ANNE TAYLOR, who has died, aged 85, was a pioneering woman and educationist, who combined a hugely successful career with dedication to her husband, friends, family, and the Church.
Anne was born in Kolkata, daughter of the Revd Tom Dart and Muriel Dart. Aged eight, she returned to England in 1945, when her father became Vicar of St Peter’s, Handsworth. Post-war England felt shockingly different to India, but Anne relished the freedom of summer holidays with grandparents in Ilfracombe. When her father became SPG Area Secretary for Oxford diocese, Anne moved to the city that she came to love as a schoolgirl and undergraduate.
At Oxford High School, Anne flourished; in her sixth-form scripture classes, she and her friend would pit their wits against the atheist daughter of a philosophy don at the university. Anne was crisply argumentative, firm, and always entirely reasonable. She went on to read history at St Hilda’s College, where she made lifelong friends.
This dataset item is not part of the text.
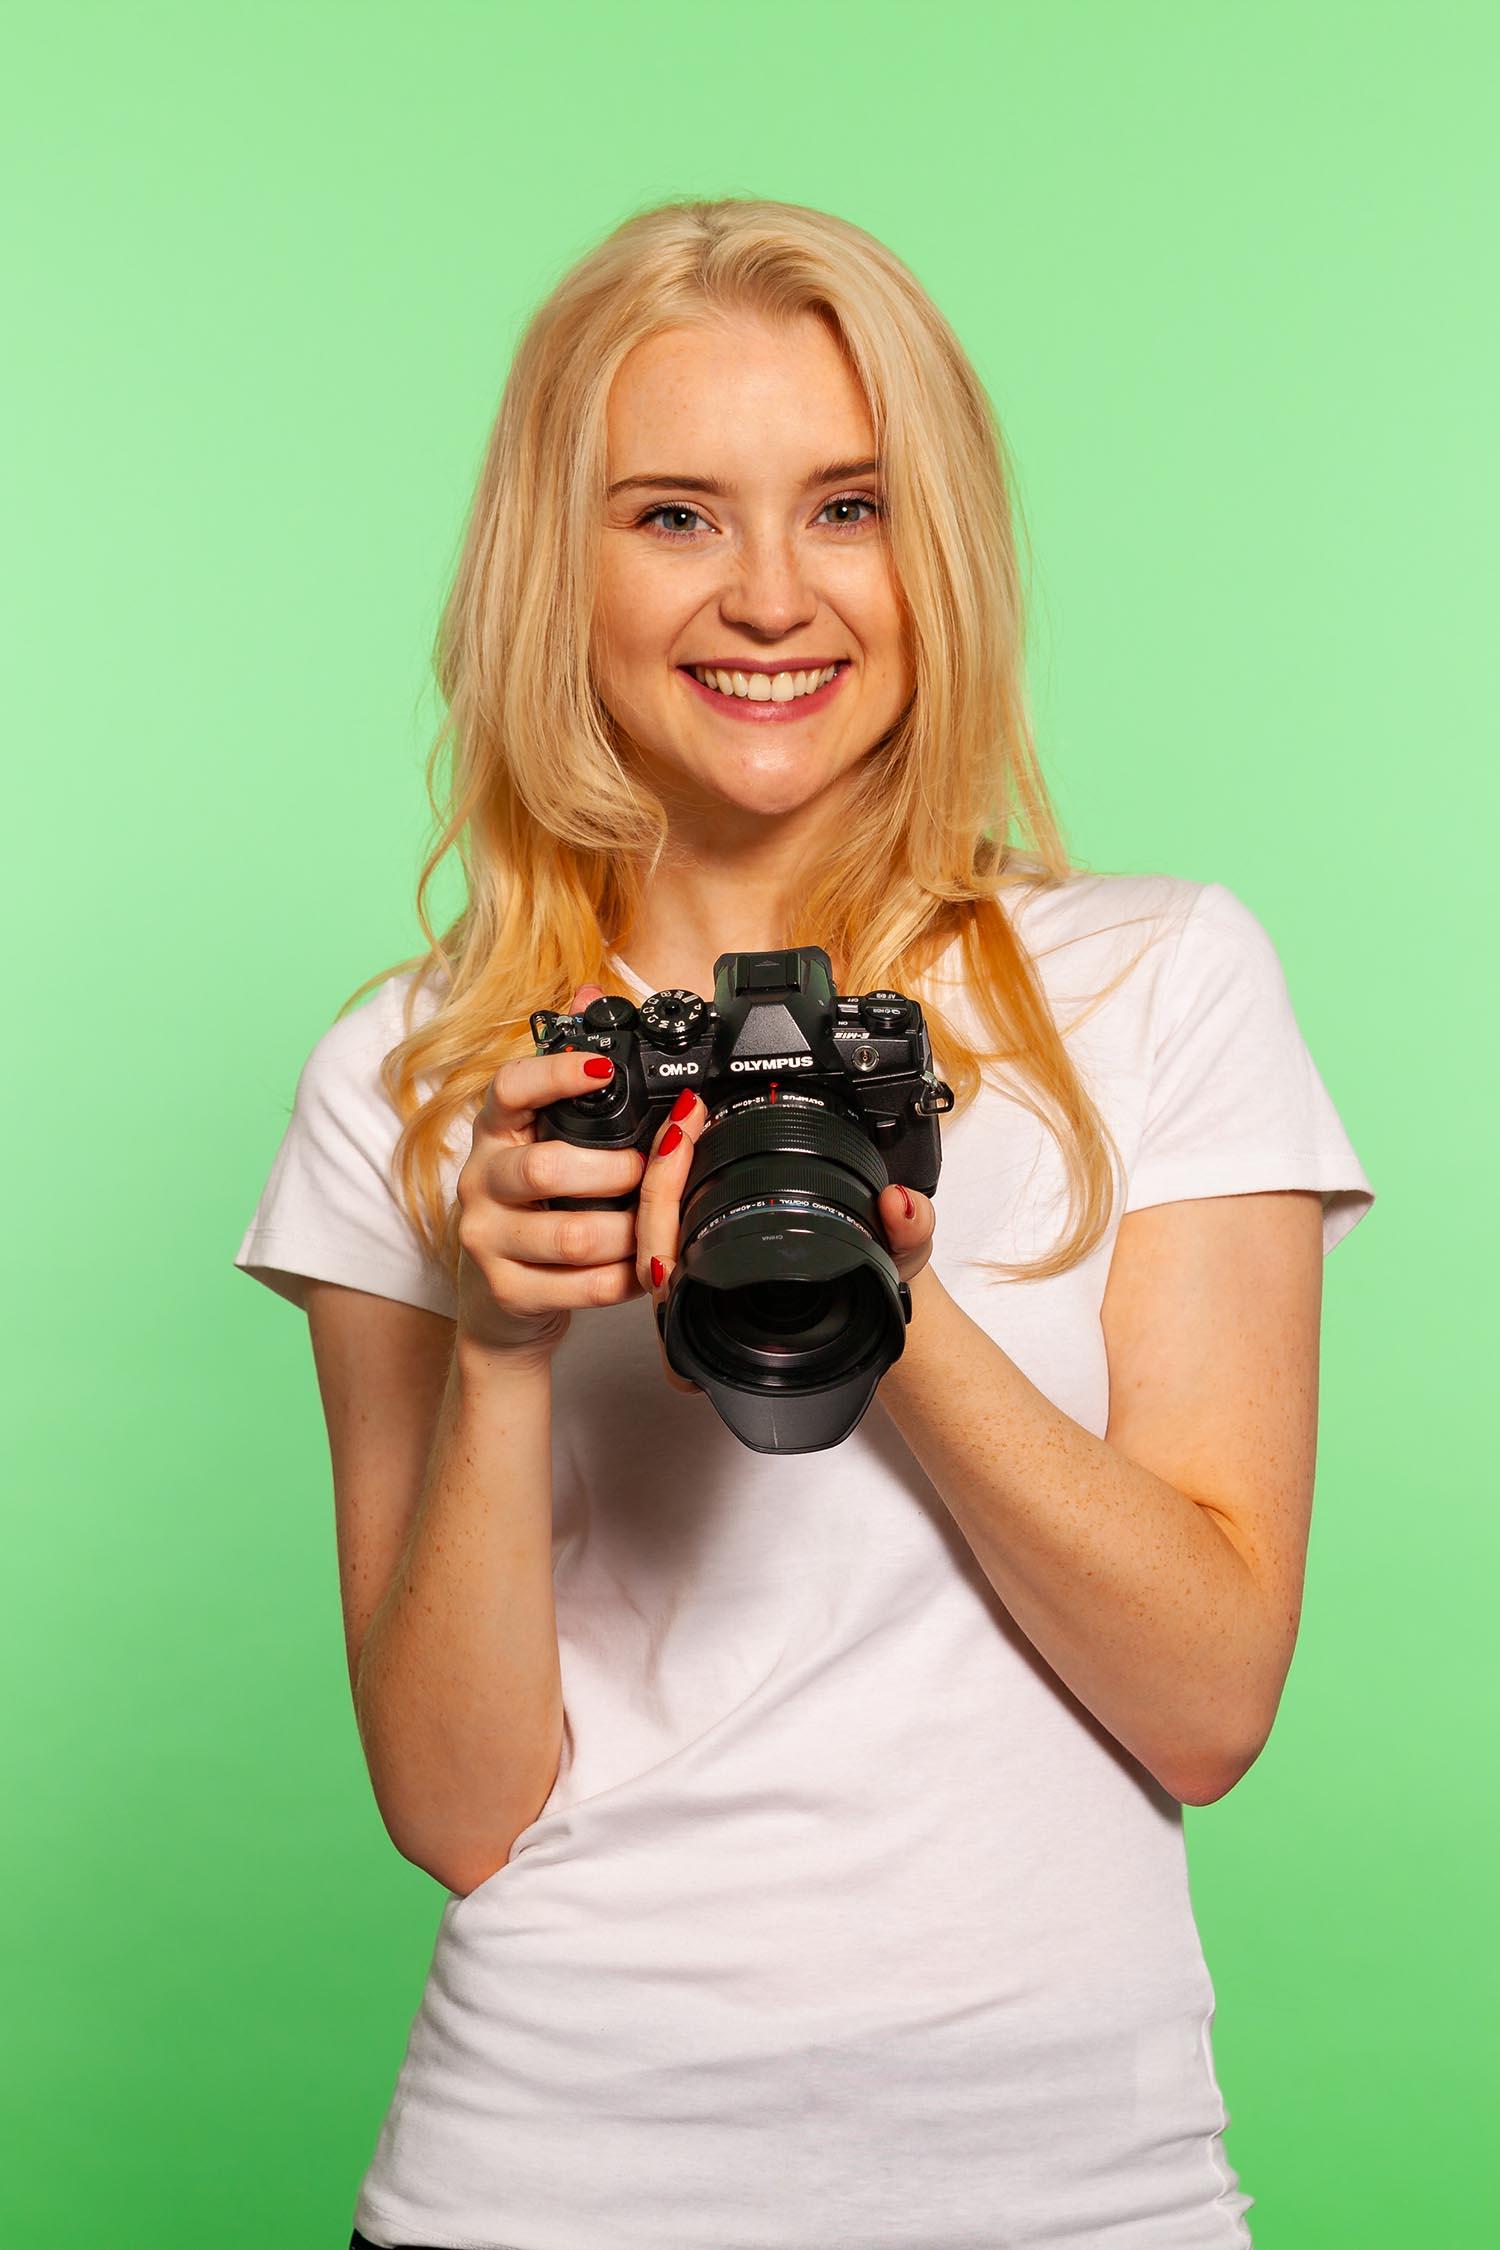 Model taken with Green Screen.
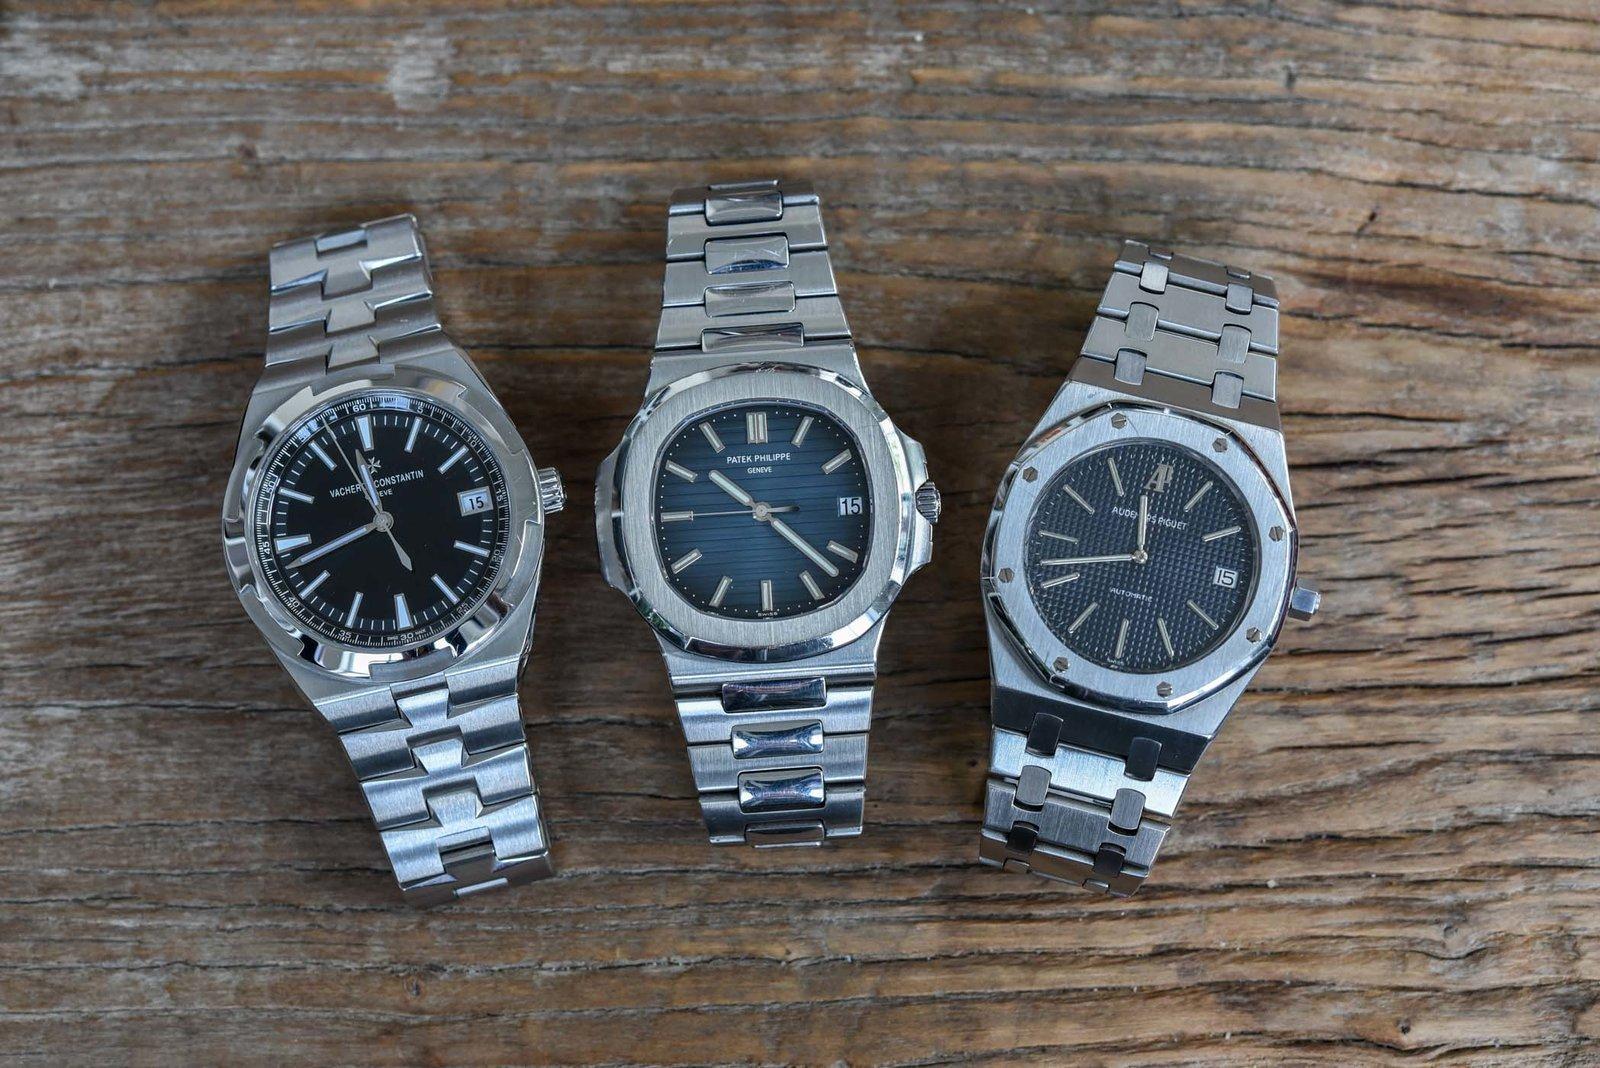 Buying-Guide-Luxury-Sports-Watches-Holy-Trinity-Patek-Vacheron-Audemars.jpg

After graduation, Anne worked as a reporter on the Church Times, and shared a flat with the actress Elizabeth MacLennan. In 1961, she started her first permanent teaching post at Paddington and Maida Vale High School, attending St Mark’s, Notting Hill, where Humphrey Taylor was the assistant curate.
In 1965, the Bishop of Guildford married Anne and Humphrey at her father’s parish church in Aldershot. A short while later, they offered themselves to the USPG to work overseas; Humphrey was appointed Vicar of St Peter’s, Lilongwe.
In the midst of preparing to move to Malawi, Anne gave birth to her first daughter Katy, and, 19 months later, her second daughter, Lizzie, was born. Neither birth was straightforward, complicated by emergency caesarean sections and rhesus incompatibility. Tragically, Anne’s third child was stillborn, and buried in Frilsham, near Newbury, where Anne’s and Humphrey’s ashes will be interred.
In Lilongwe, Anne settled in to teaching history at Likuni Secondary School, but, in 1971, the family were ordered to leave the country by the President of Malawi, who suspected Humphrey of supporting political prisoners. With barely a week’s notice, the family returned to England, where they had neither job nor home.
When Humphrey became Chaplain of Bishop Grosseteste College, Lincoln, Anne enrolled on a post-graduate degree, researching racism in history textbooks, and taught part-time at Christ’s Hospital Girls’ High School (now Lincoln Christ’s Hospital School). Three years later, the family moved to Wimbledon, and Anne began teaching history at Willow’s High School for Girls, before becoming a careers teacher.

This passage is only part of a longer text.